Eric D Galbraith, professor at McGill University and associate faculty at the Autonomous University of Barcelona, shares his journey to a new paper, Growth Limitation of Marine Fish by Low Iron Availability in the Open Ocean, that harnesses Global Fishing Watch data with a healthy dose of collaboration and curiosity.
The story of this paper started with an attempt to predict where fishing activity should occur throughout the global ocean, based on simple principles. For a few years, colleagues and I had been working on a computer model that uses satellite images of the ocean surface to estimate phytoplankton growth rates, and then – using a series of equations based on ecological theory – predicts the growth of all fish at every point in the ocean. A simple economic model then simulates the evolution of fishing effort over time, harvesting the modeled fish populations, which then changes the fish abundance. So when the detailed global coverage of fishing activity provided by Global Fishing Watch (GFW) became available, I was really excited to compare it with the global model prediction to see how well we were doing.
A key model error
When I looked at the first plots comparing the model and the GFW data, I was pretty pleased. The model reproduced the high intensity of fishing activity along coastlines, compared with much lower activity in the open ocean. I showed it to David Kroodsma, the GFW research director, sure that he would be impressed with the model skill.
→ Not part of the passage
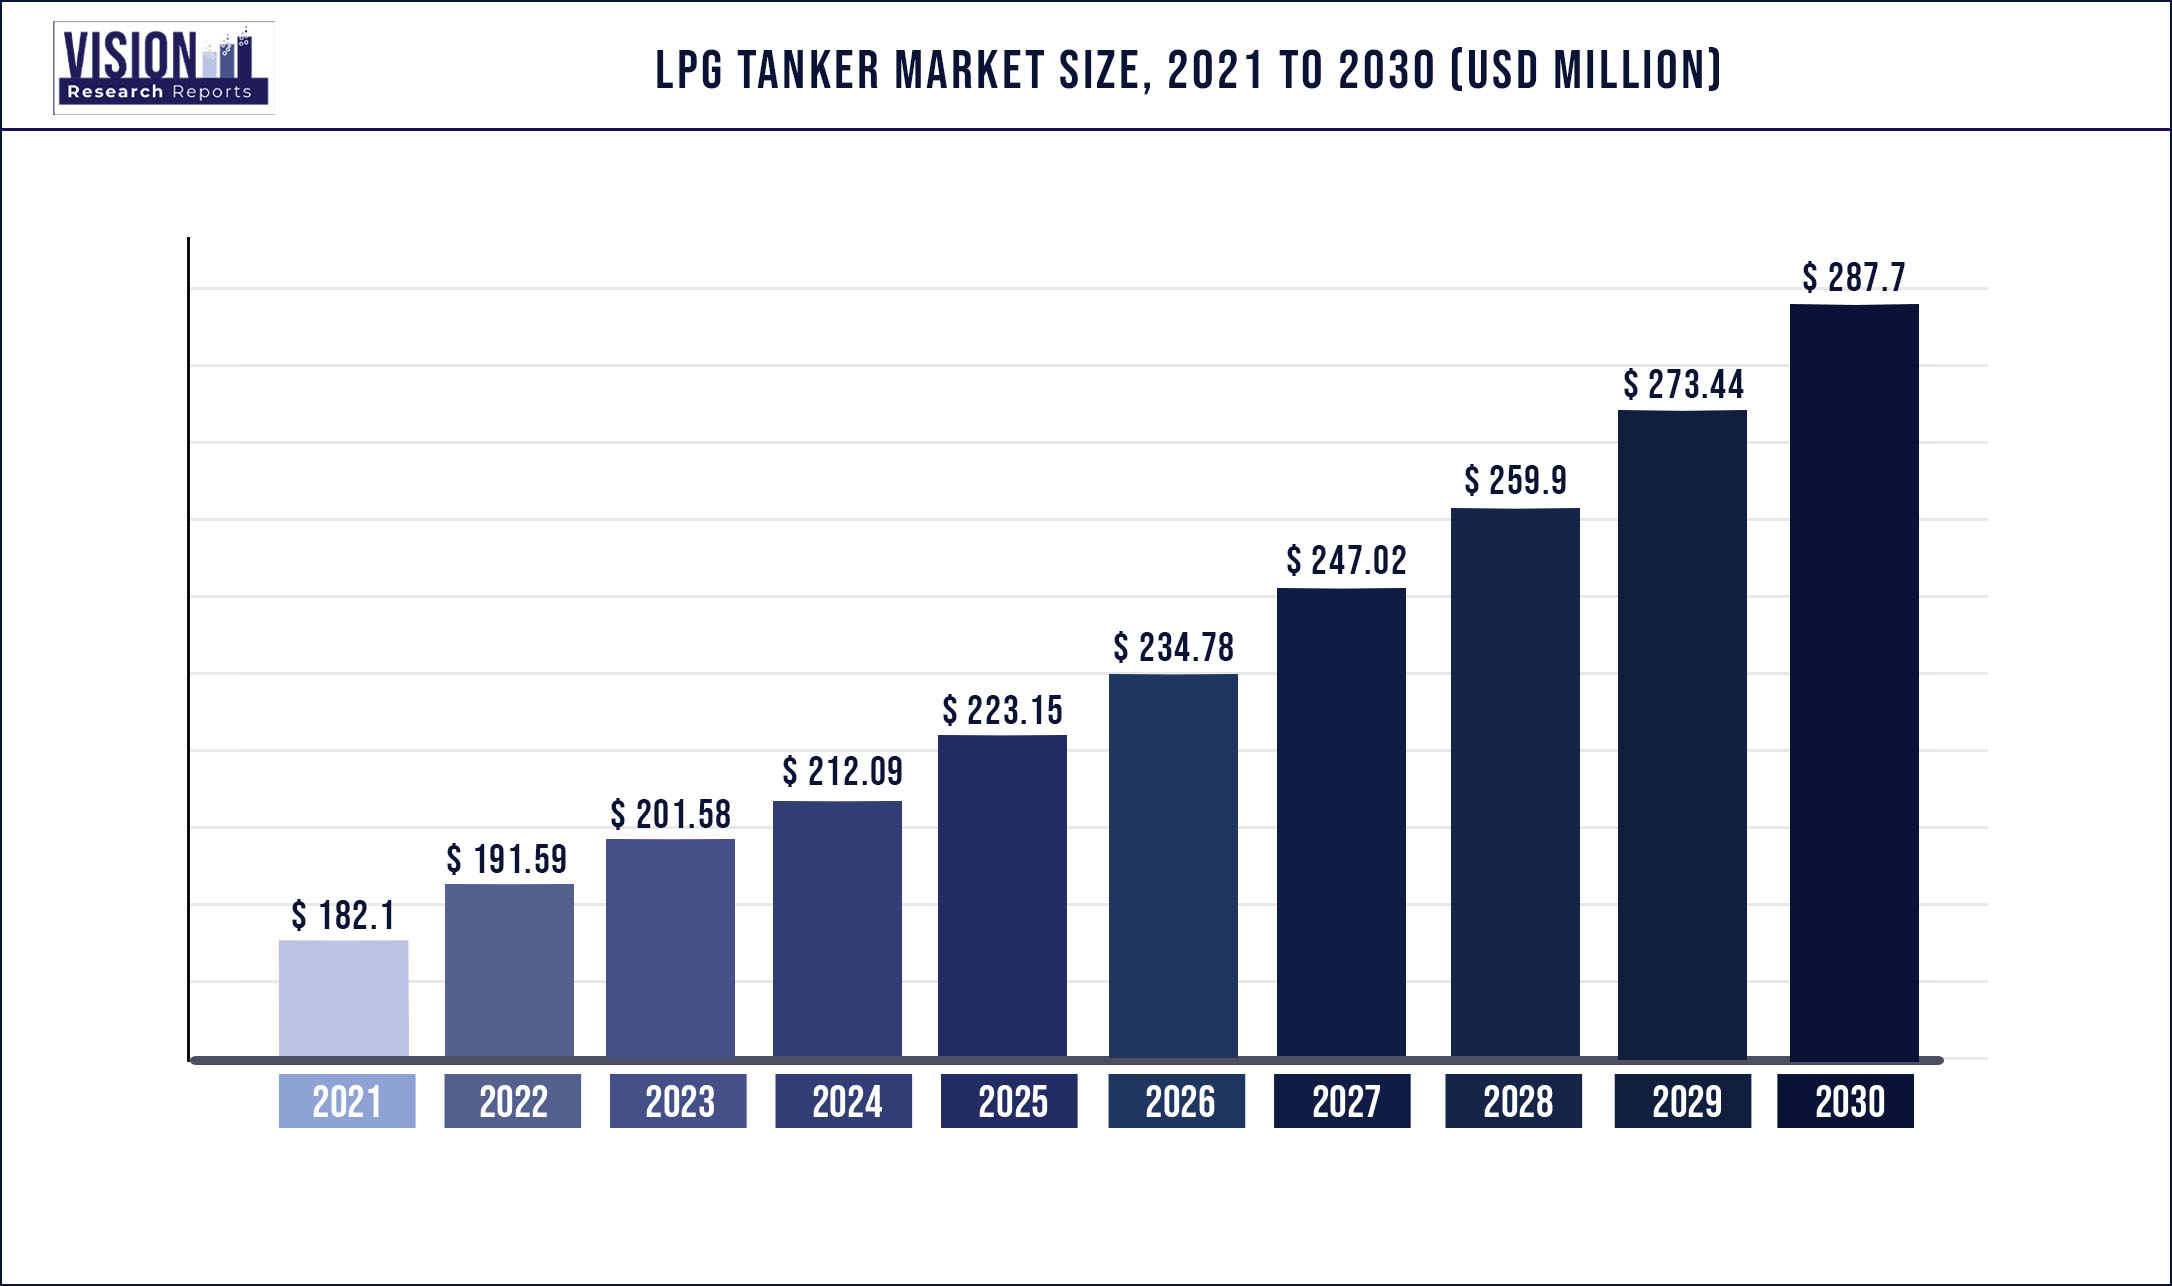 LPG Tanker Market Size 2021 to 2030

“Wow, your model has problems,” he said. “Why has it got all this fishing activity in these huge areas it obviously isn’t happening?” David pointed to the Southern Ocean, the North Pacific, and the eastern equatorial Pacific.
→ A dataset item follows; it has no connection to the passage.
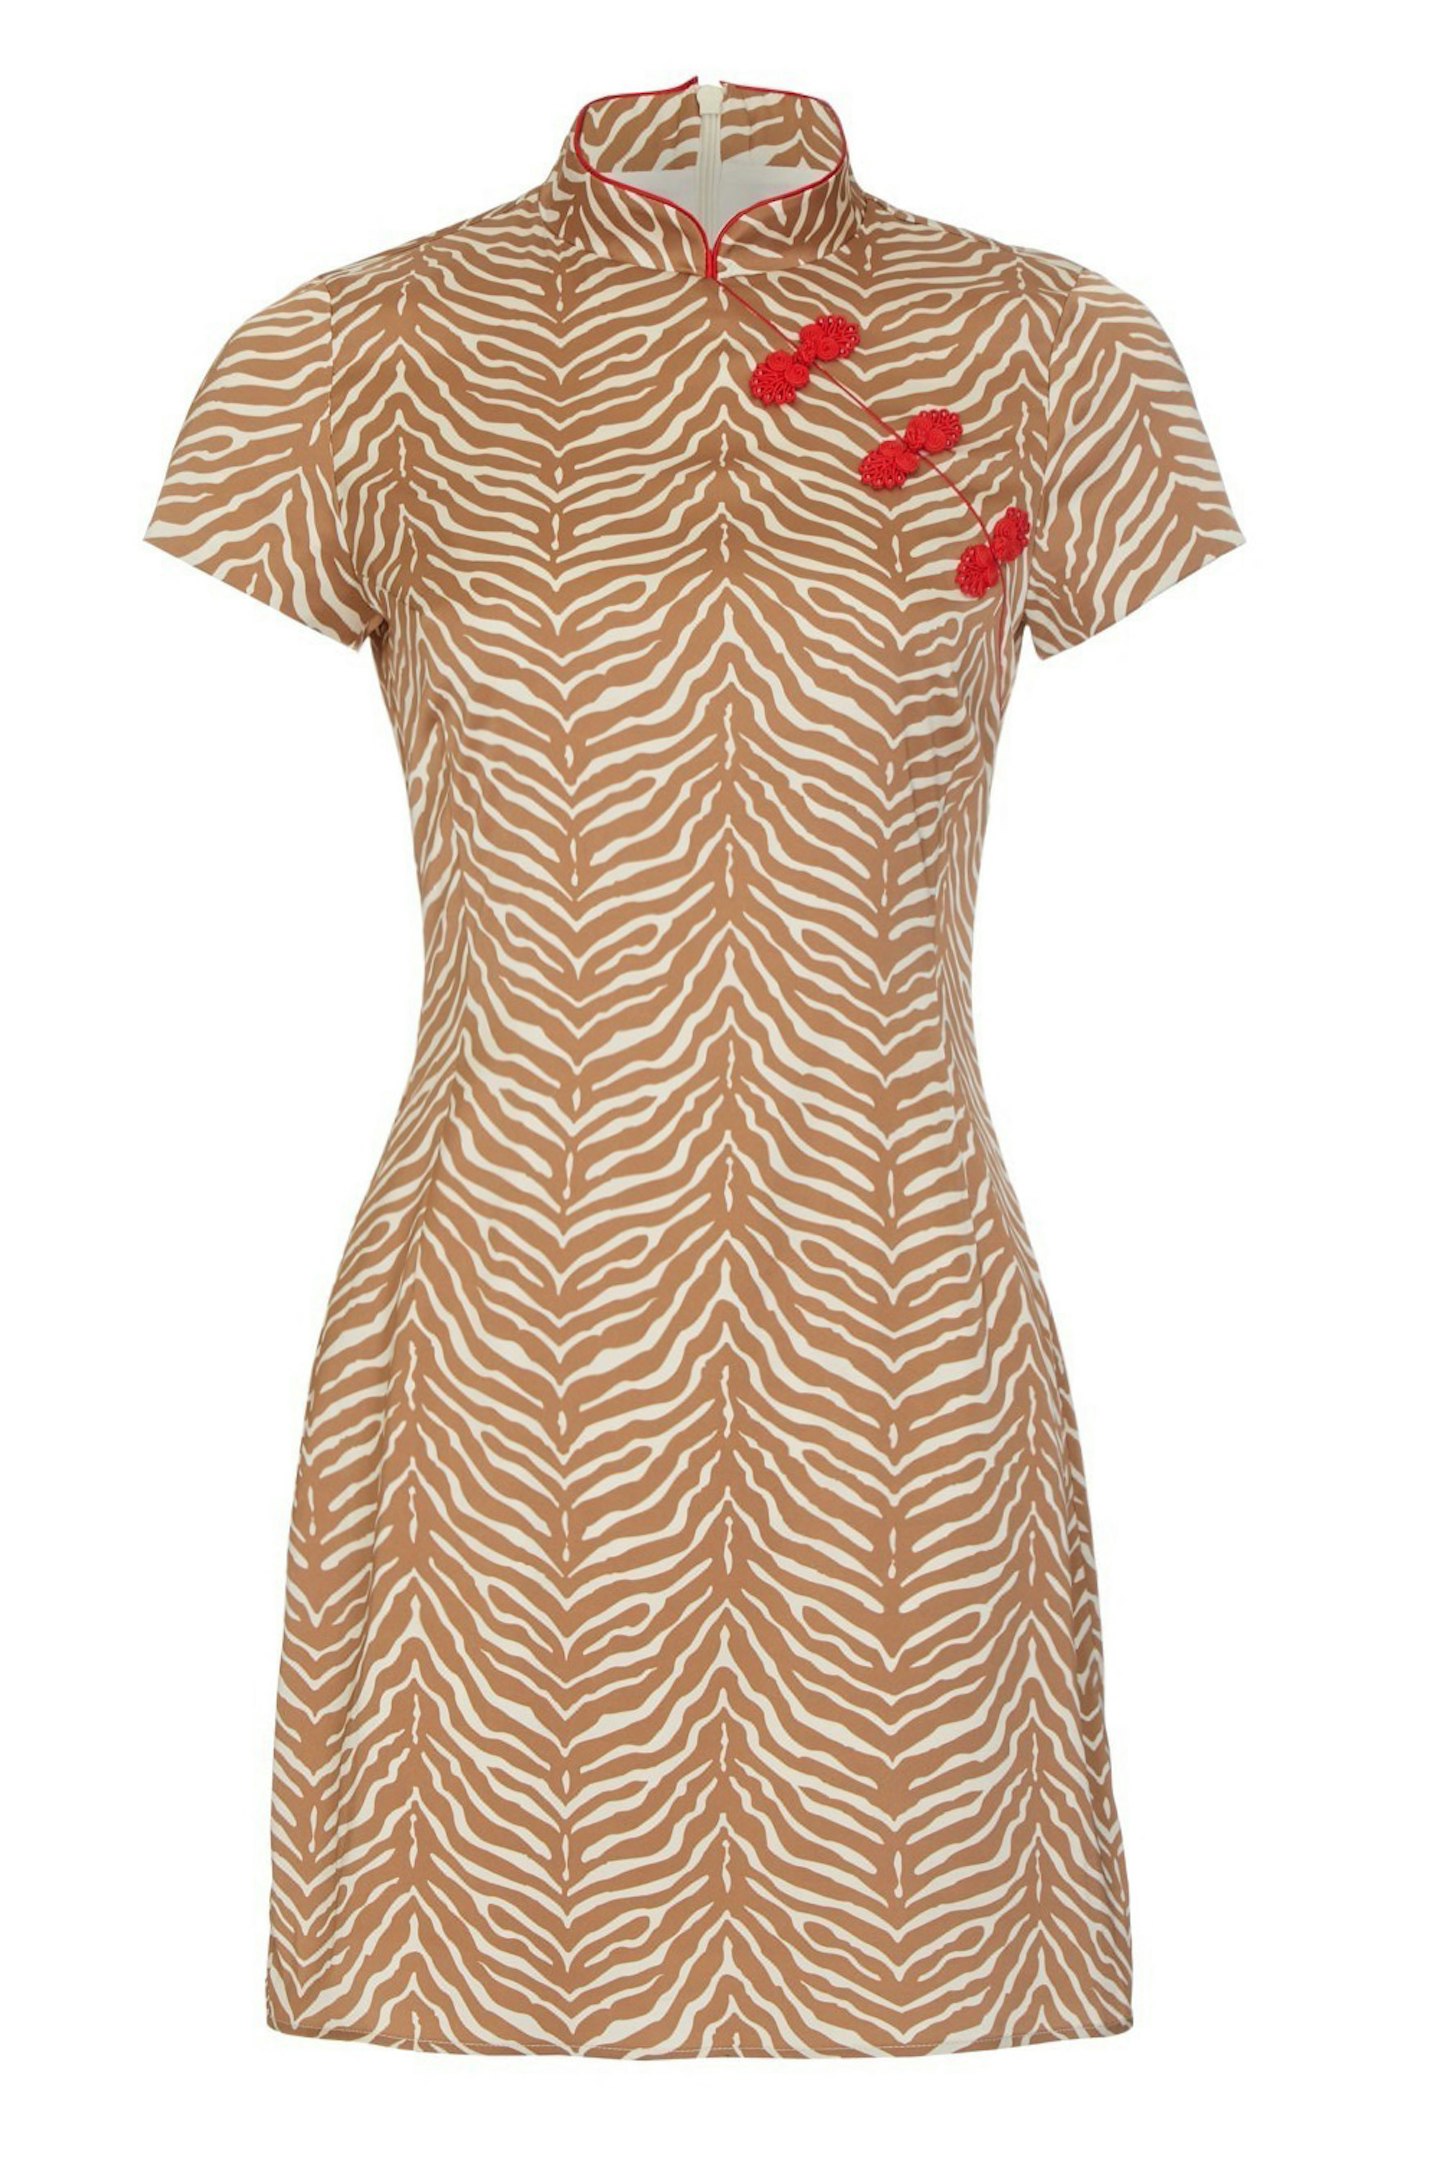 De La Vali, Suki Short Dress, £125 at Amazon

It was true. The model predicted lots of fishing activity in these three regions, and GFW showed very little fishing actually happening within them. But the association of those three regions instantly switched a lightbulb on in my head – from years of studying marine biogeochemistry, I knew very well that those three regions are the world’s most intensely iron-limited regions.
Our iron-poor ocean
Iron is abundant on land, but very scarce in seawater, and in those three regions it is found in such low concentrations that it couldn’t even be measured accurately until the 1980s.
For decades, oceanographers and biogeochemists have been studying the impacts of the low iron concentrations on phytoplankton growth. But I had never heard of iron being important for the nutrition of wild fish – could it be possible that this was the explanation for the model error?
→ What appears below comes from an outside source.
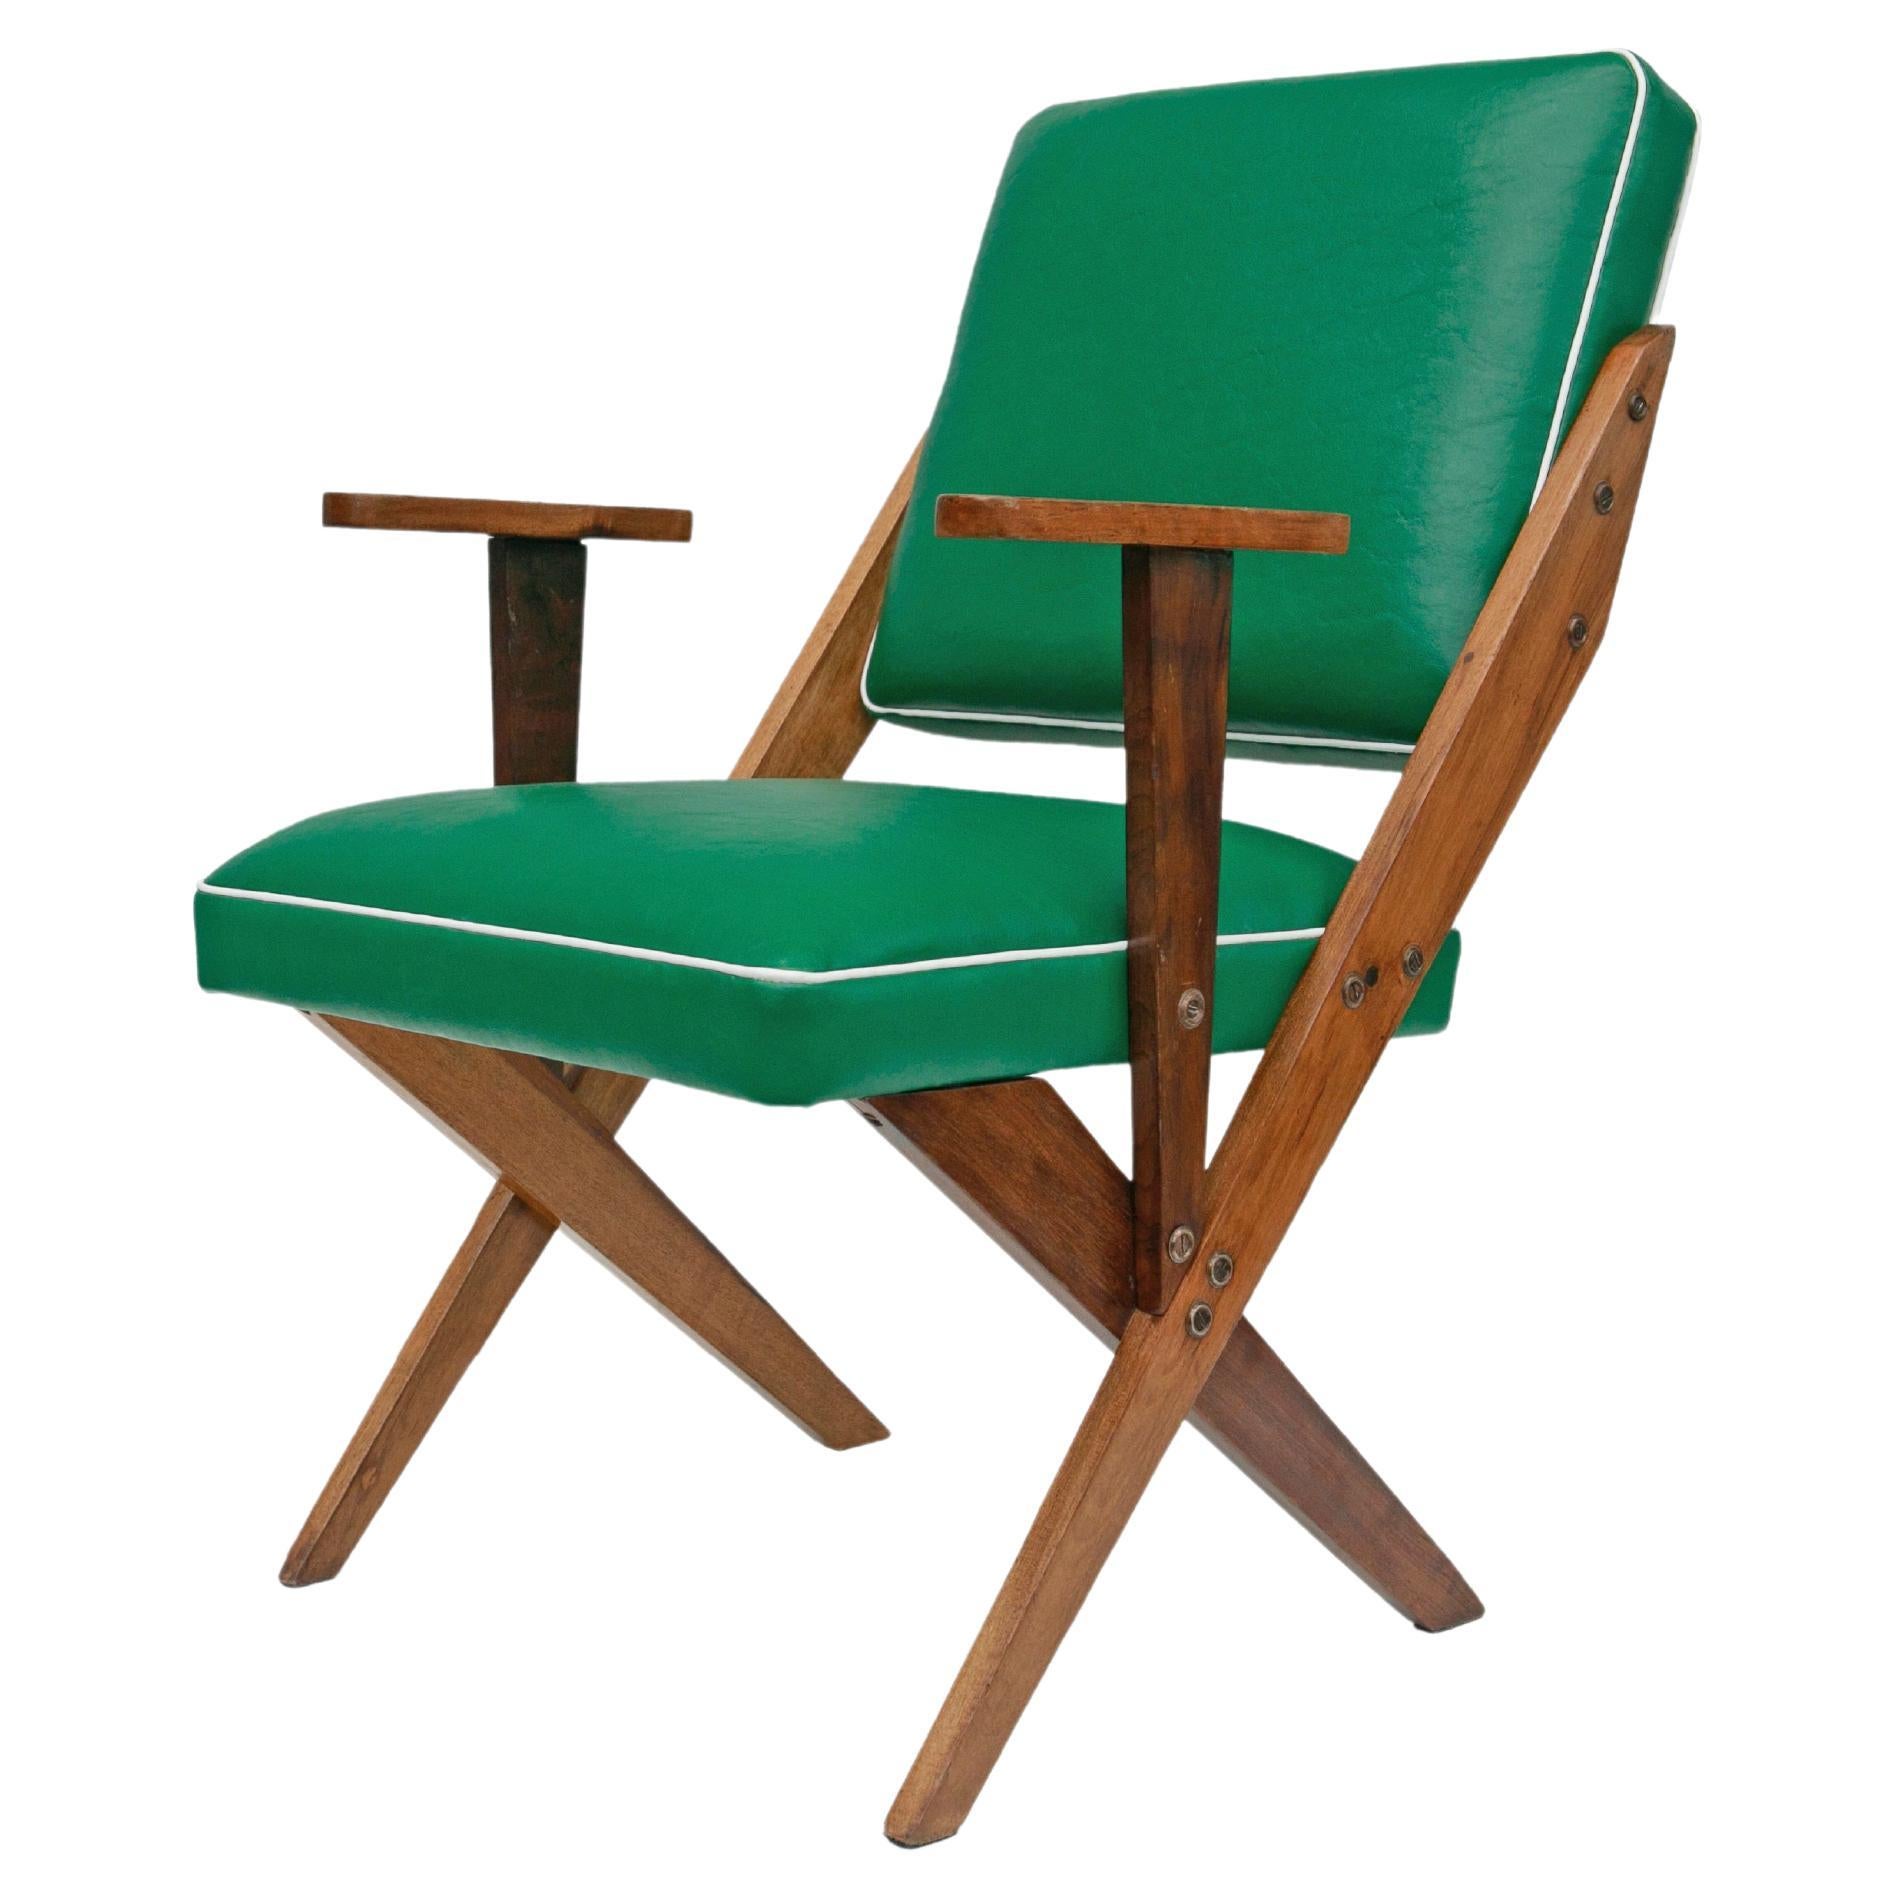 Midcentury Armchair in Wood & Green Faux Leather Jose Zanine Caldas c1950 Brazil For Sale

My colleague Priscilla LeMezo dived into the literature to see if there was any work on the iron requirements for fish. She quickly found that aquaculturalists have long been concerned with the iron content of fish feed, since insufficient iron contents can lead to anaemia and slow growth. In fact, she found that the recommended aquaculture feed iron contents were an order of magnitude higher than the iron contents of iron-limited plankton!
Further research turned up more supporting evidence: like most animals, fish have a hard time assimilating iron from their food, explaining their need for a relatively iron-rich food supply. Then, she learned about the Antarctic ice fish. It is the only vertebrate that has ever evolved to live without iron-requiring hemoglobin, and is only found in the iron-poor Southern Ocean.
There seemed no way this could be coincidence: iron nutrition must be a consideration for fish, not just plankton.
When undergraduate research student Gerard Solanes Hernandes added a simple representation of iron limitation to our computer model, the comparison of fishing activity with GFW dramatically improved. Though this isn’t proof, it raises the possibility that there is less fishing in iron-poor regions because fish have a tough time surviving out there.
Less fishing in iron-poor regions
Our results open up all kinds of additional questions about what this could mean for marine ecosystems. For example, are marine mammals, birds and cephalopods better than fish at surviving on iron-poor food? Could the fact that rivers and streams tend to be iron-rich be a reason that salmon spawn in freshwaters? We had no idea, when we started to look at fishing effort in the GFW data, that it might tell us something about the dietary requirements of fish on the high seas. For me, it was a great example of scientific teamwork, and the power of combining model predictions with careful observations to come up with new ideas for how the world works.